• MATERIAL PROVIDED:
:::::
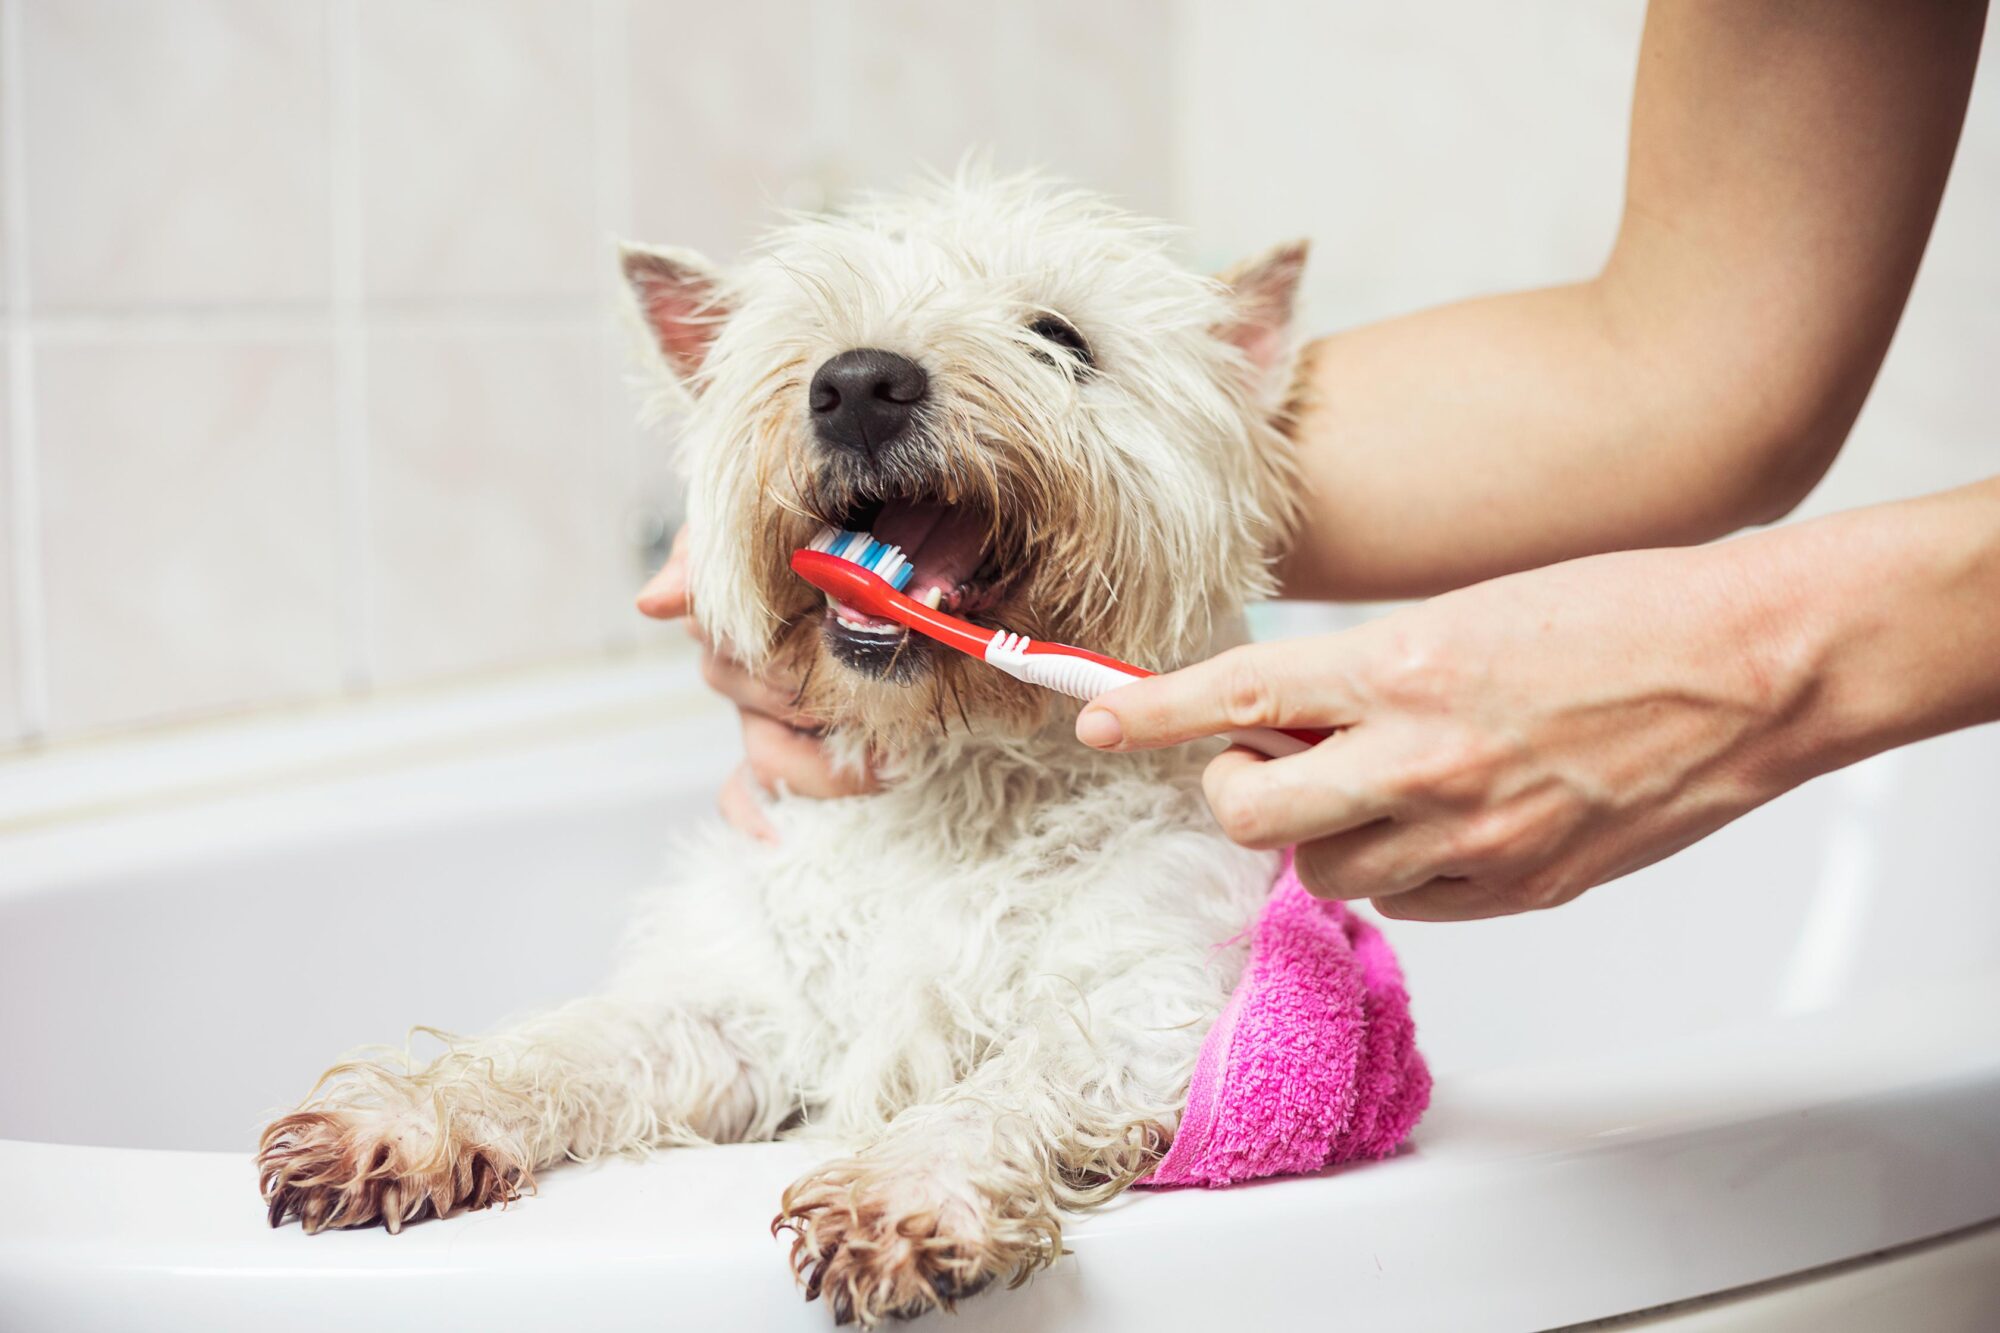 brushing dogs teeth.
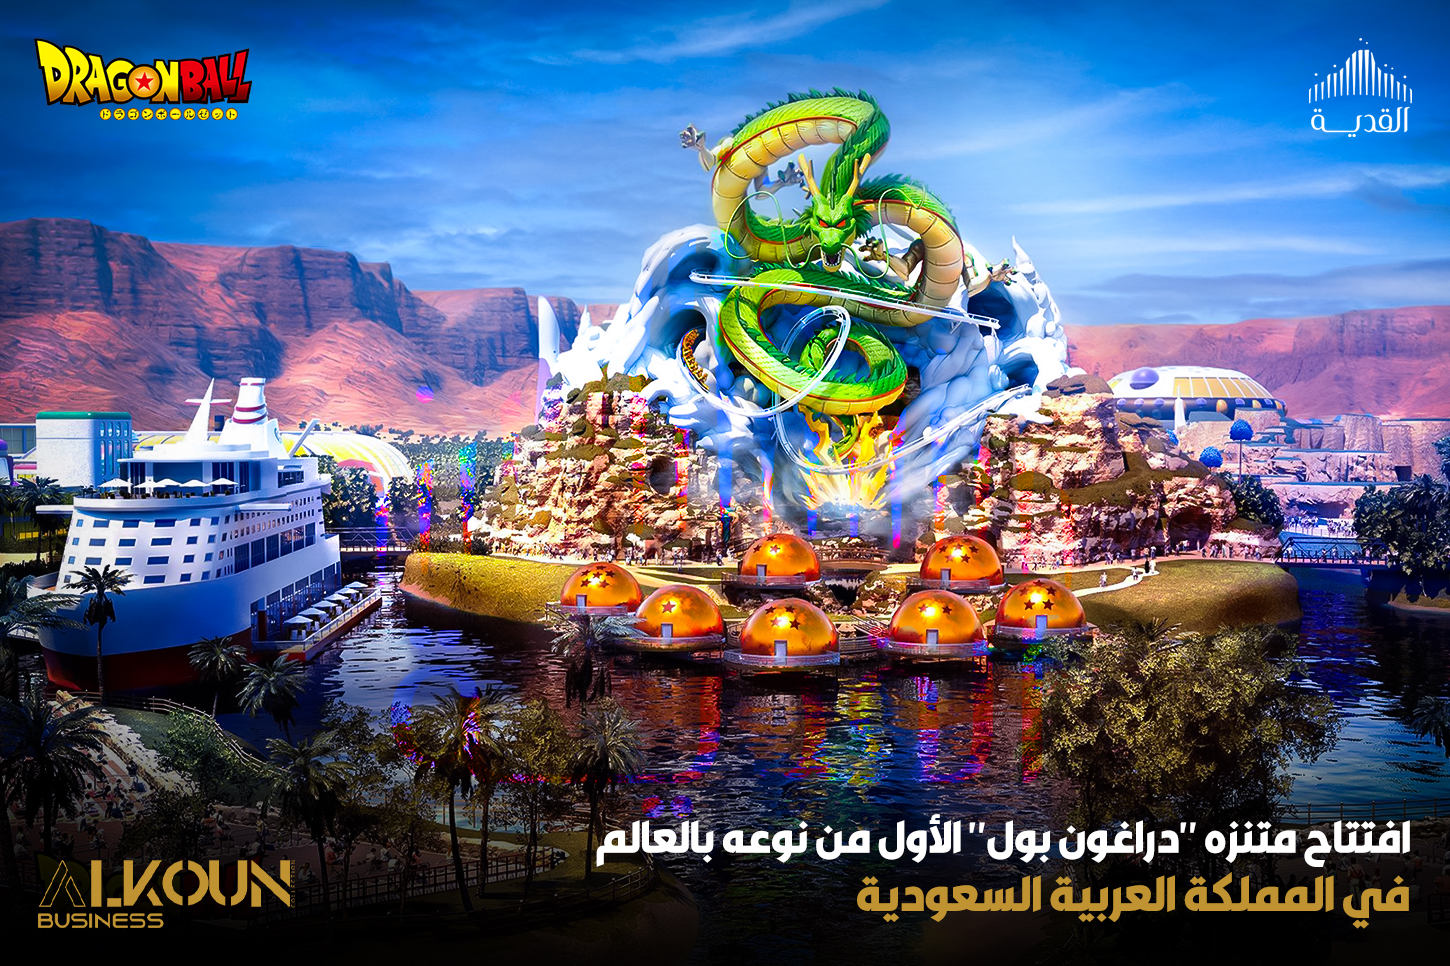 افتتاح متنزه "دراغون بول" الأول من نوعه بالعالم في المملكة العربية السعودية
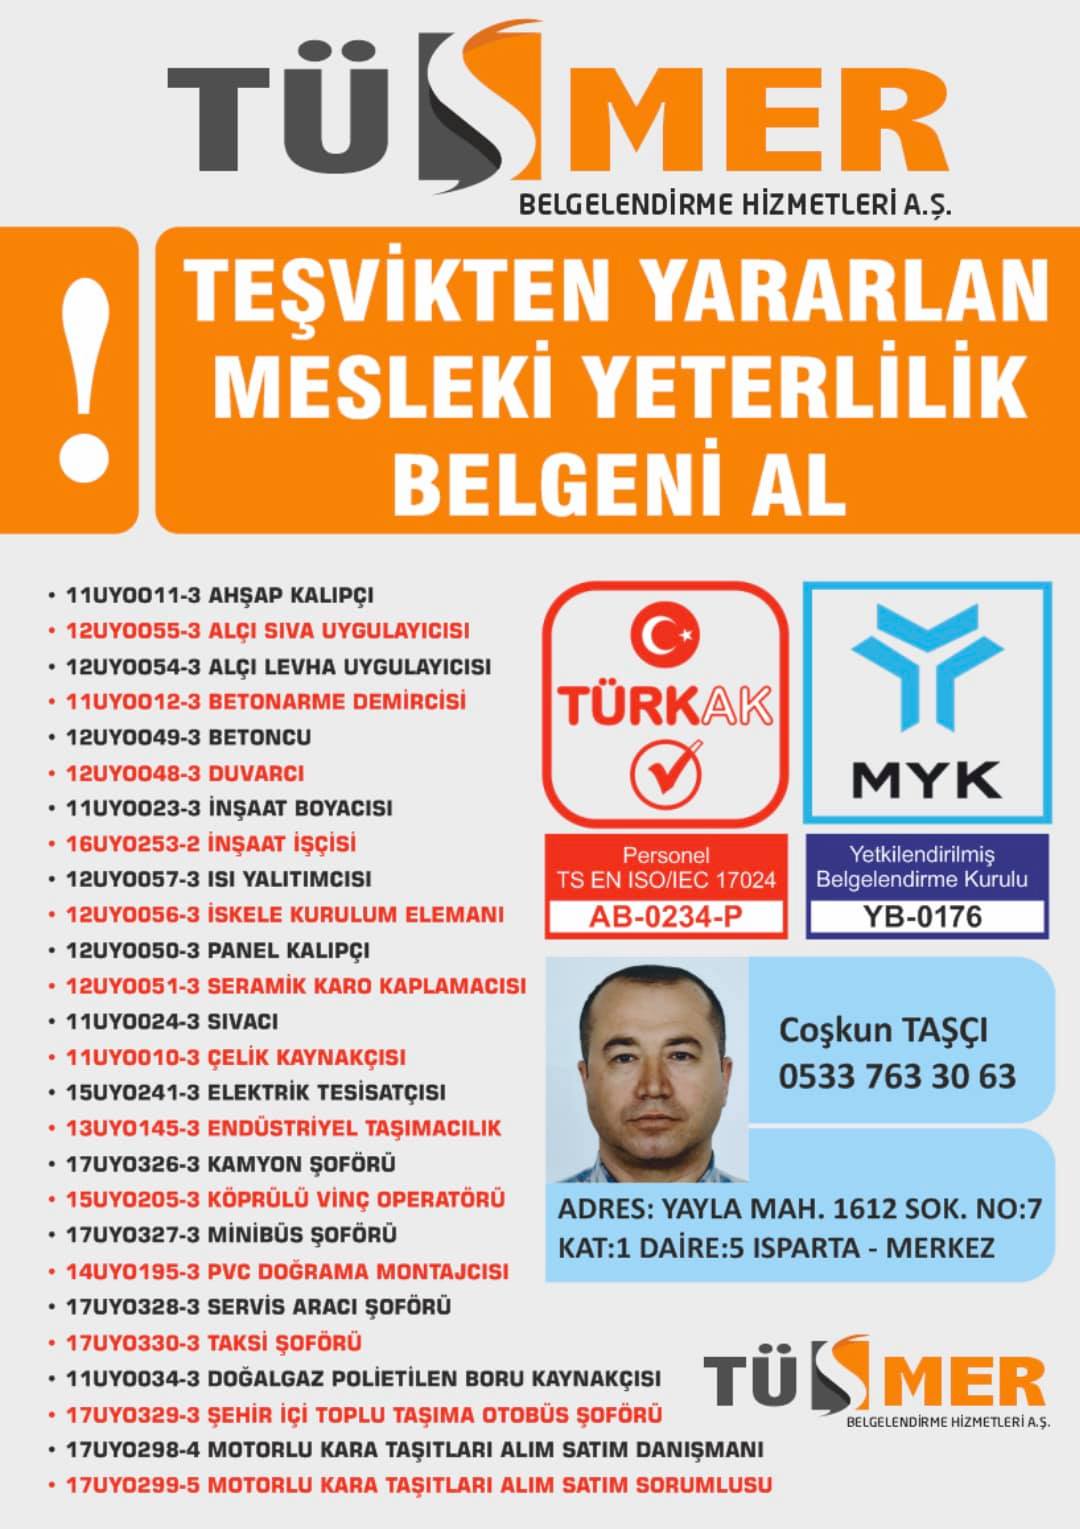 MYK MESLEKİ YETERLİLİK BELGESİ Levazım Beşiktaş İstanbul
:::::
• EXERCISE OBJECTIVE:
Copy out nothing but text: transcribe the listing exactly and skip each picture.

• RESPONSE:
 brushing dogs teeth.
 افتتاح متنزه "دراغون بول" الأول من نوعه بالعالم في المملكة العربية السعودية
 MYK MESLEKİ YETERLİLİK BELGESİ Levazım Beşiktaş İstanbul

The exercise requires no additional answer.